O.K., so she was not an intellectual giant. But when a lovely is medium tall and not medium in curve and flow and swoop and zip of thigh and waist and breast and all that, and when she has long thick rust-blond hair the color of falling leaves in autumn, and a walk that can sprain male eyeballs at twenty paces, and her hand is resting gently on your knee taking the press out of your trousers, do you go around looking for intellectual giants?
Not if you're Shell Scott, you don't. And I'm Shell Scott.
I'm a private detective. I am the president, vice-president, secretary, janitor, legman — yeah, I'm that, all right — of Sheldon Scott, Investigations; and, believe it or not, friends, I was working.
Yes, it was at least conceivable that at any moment murder might strike, blood might splatter, mayhem of some sort commence, but with Doody — that was her dopey name, Doody — snuggling chummily next to my right hip, the one in which I'd been shot last night, it was the kind of work that could make play pall on a man.
We, Doody and I, were at the races — along with fifty thousand other Southern California citizens.
Specifically, we were at Hollywood Park in Inglewood, near my stamping ground, Los Angeles, this being the thirteenth racing day of Hollypark's current fifty-five-day meeting. It was Saturday, the twenty-fifth day of a balmy May, a gorgeous afternoon, with just a little crispness in the air but the sun bright and sky clear.
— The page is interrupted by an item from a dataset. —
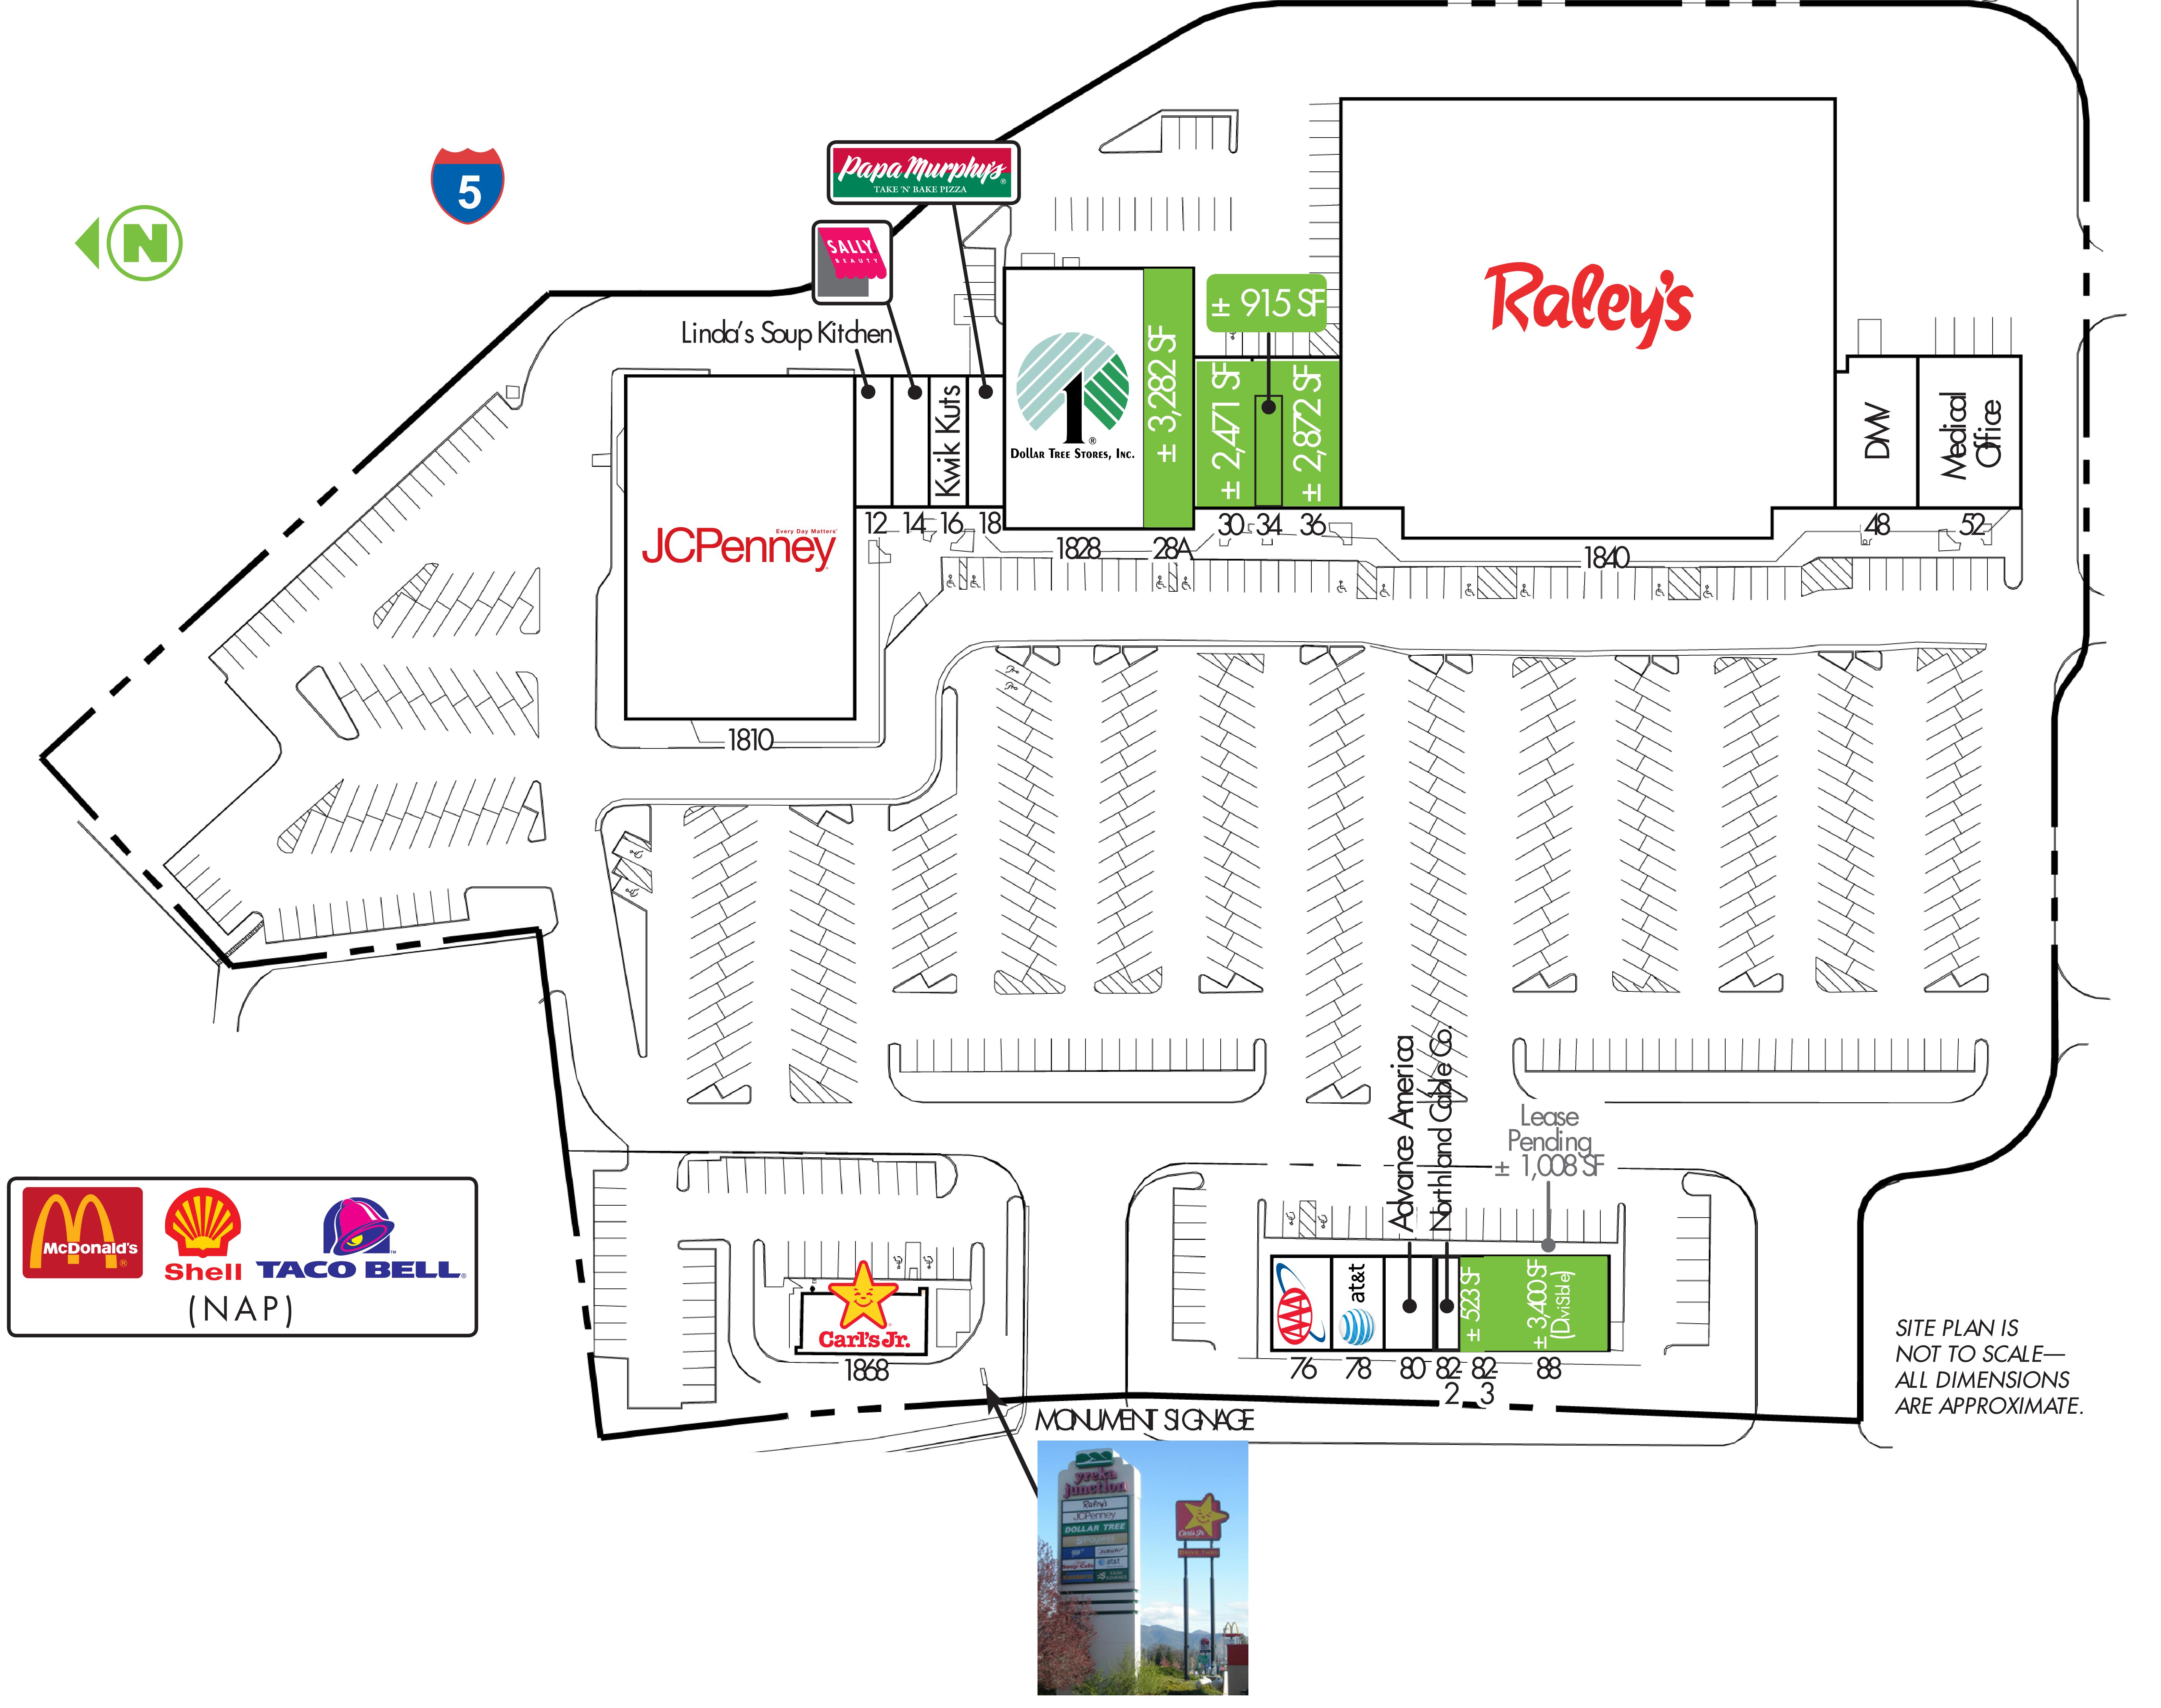 Yreka Junction: site plan

Down on the furrowed track the bugler, resplendent in scarlet jacket and straw hat, raised his long silver trumpet and tooted, and the horses filed onto the track for the first race. As the horses began the parade to the post, the talk and laughter around us, like a constant hum of pleasant electricity in the air, increased a little, rose and fell like a surf of breath and voices.
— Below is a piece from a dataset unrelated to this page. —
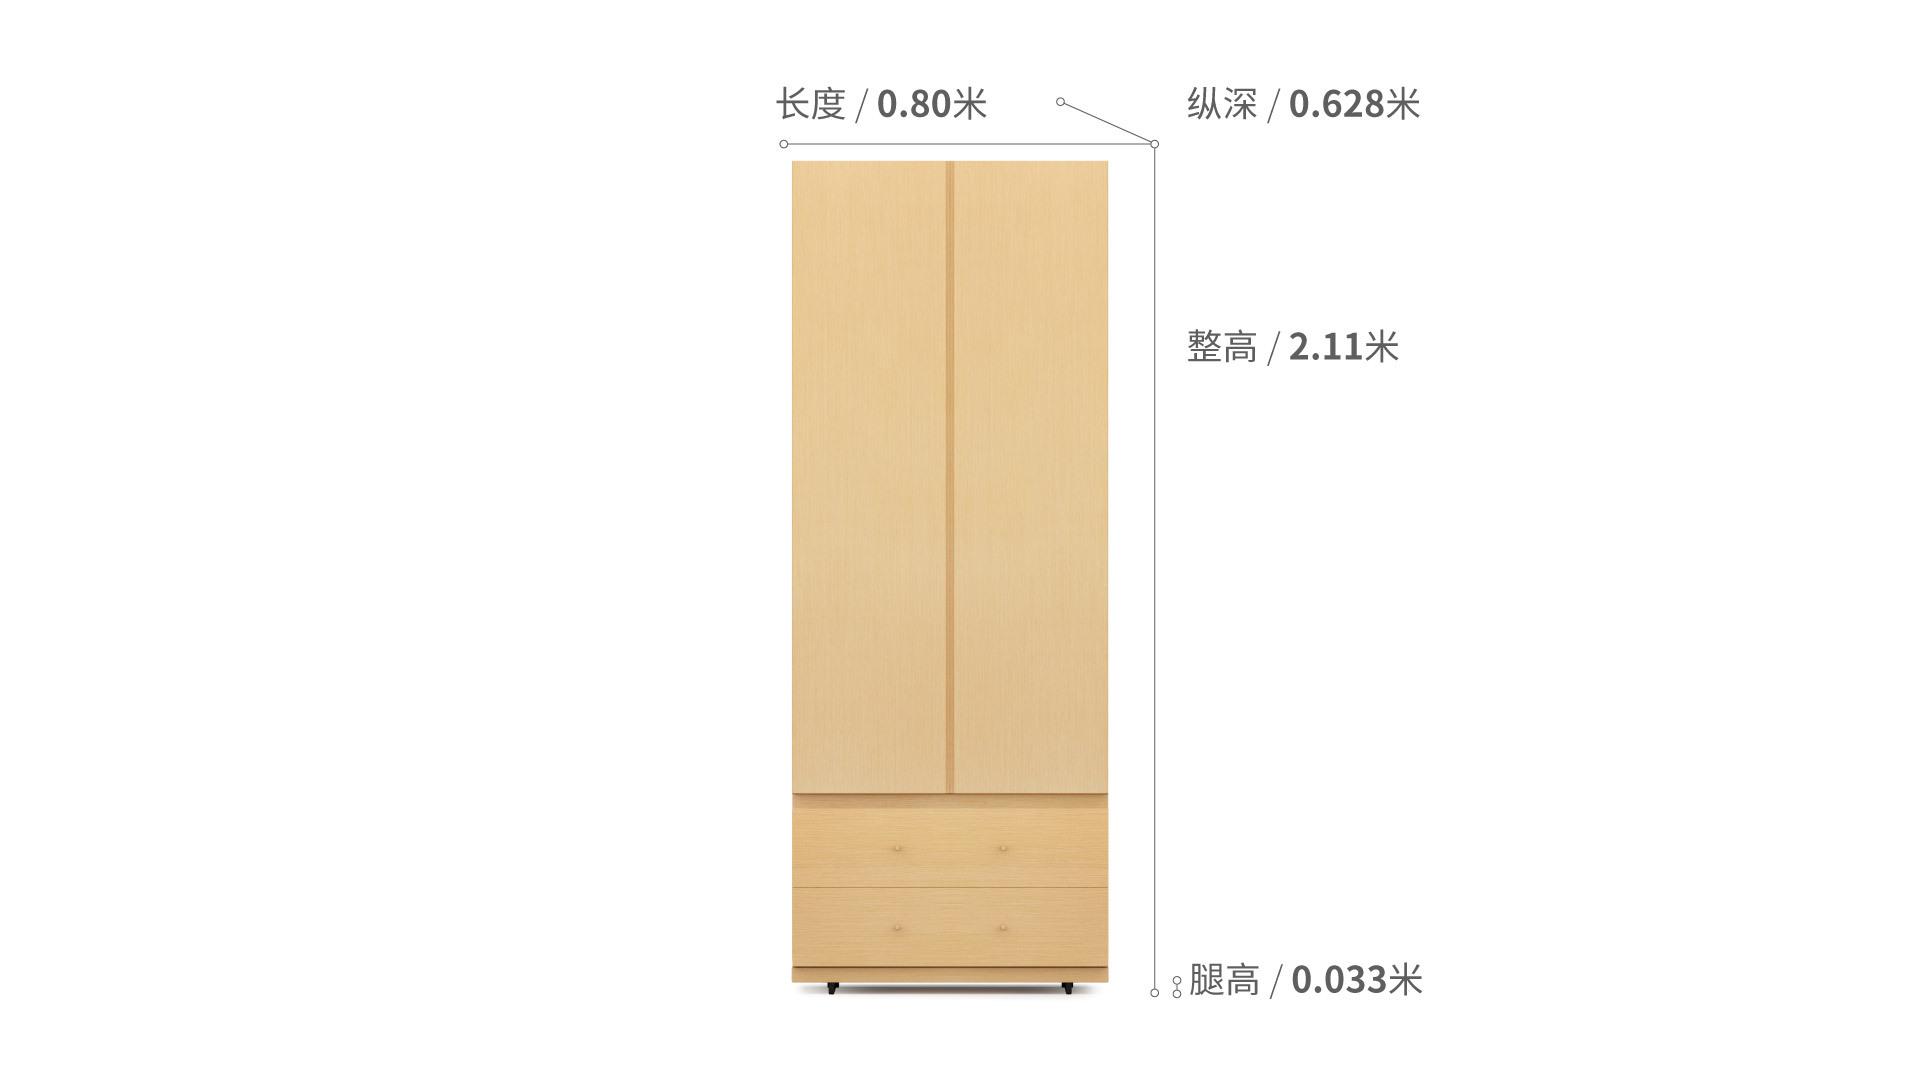 COSMO星格?衣柜·斗柜2.1米高2門衣柜E柜架效果圖

Well, with all that — and with the jockeys' bright silks adding even more brilliant color to the green of the infield, the massed banks of purple and gold and white flowers, the graceful palms and lakes rippled by slowly swimming white and black swans — and with Doody so close, I would have been enjoying myself immensely except for the nearness of that "work" I mentioned.
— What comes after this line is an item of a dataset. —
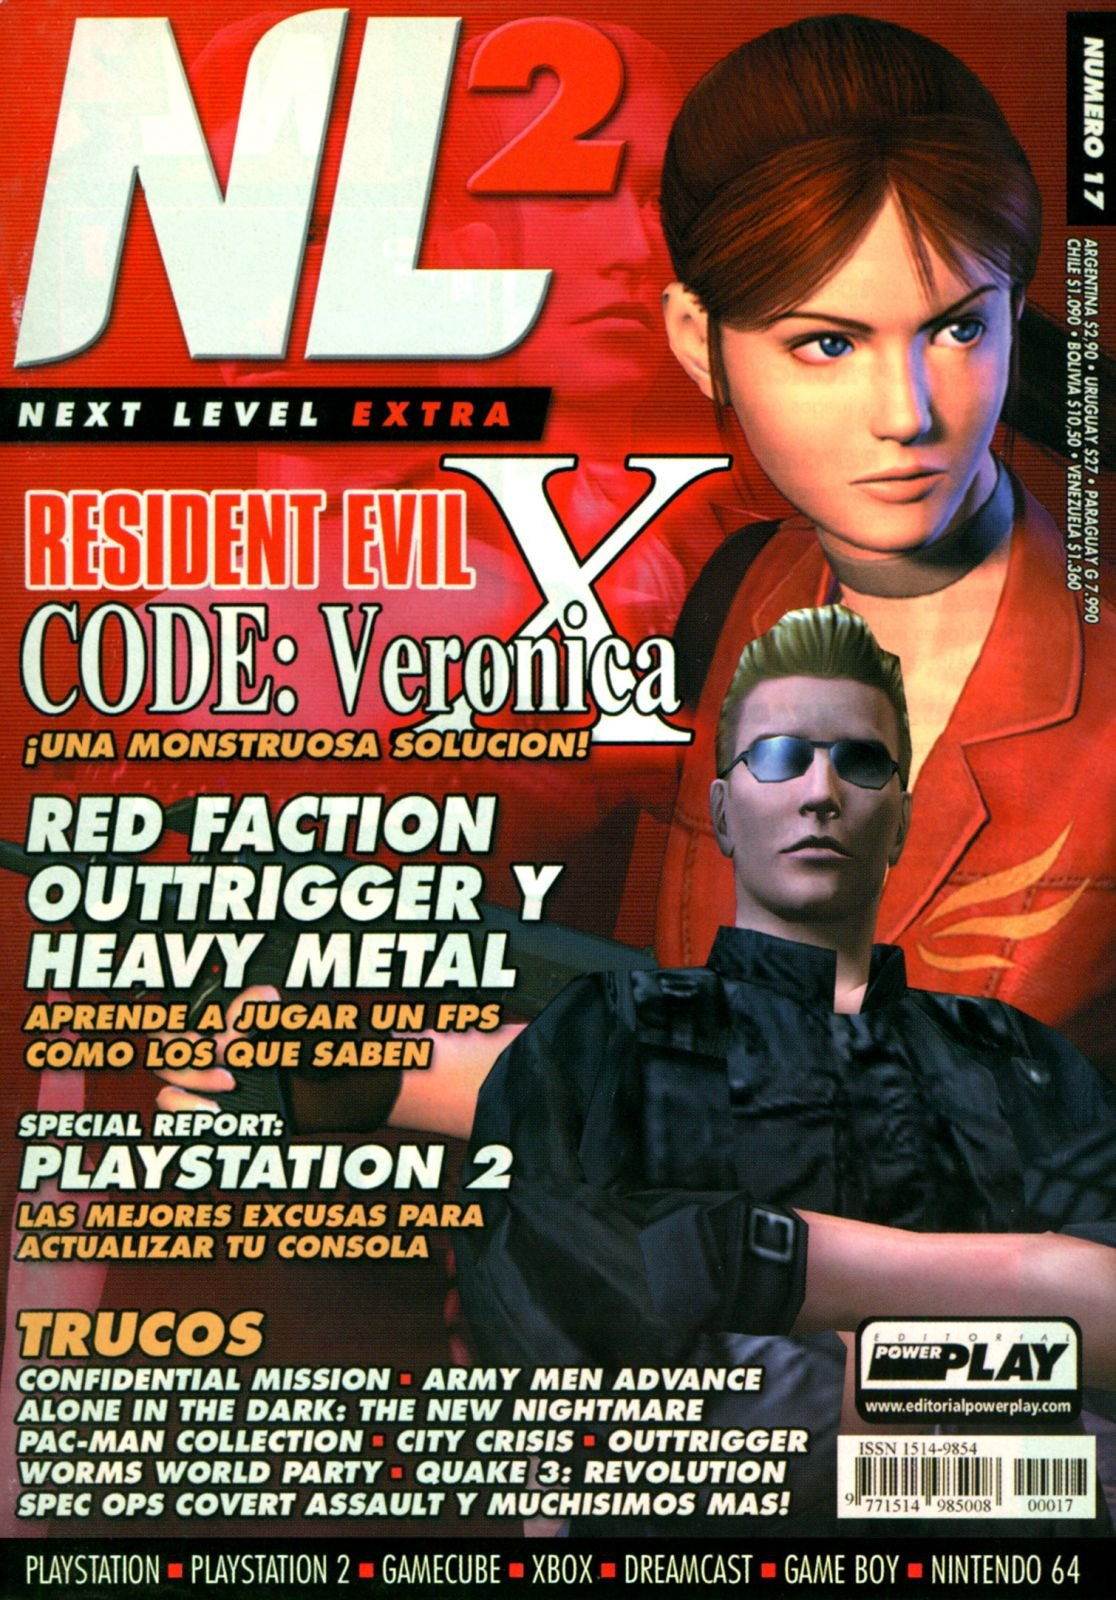 Next Level Extra 17 September 2001

Doody and I were on the second floor of the Clubhouse, seated in the block of reserved or loge seats to the right of Aisle 2, past the finish line. Below us and also to our left were the choice boxes overlooking the saddling paddock and walking ring, most of them occupied by well-to-do racegoers, a few owners and officials, well-dressed men and women, most of them very nice people. But I was interested in some not-very-nice people.
They were seated to our left, closer to the finish line, and in the back row of boxes. Three of them: a large lump of beef and muscle named Axel Scalzo; plus his solid shadow, Hale, a sleepy-eyed, slow-moving killer, slow-moving, that is, unless moving a gun or sap; and a second gun-toting friend and bodyguard of Scalzo's known to me only as Deke. Scalzo was the reason I was here at the track — Scalzo and another man, who hadn't yet shown up.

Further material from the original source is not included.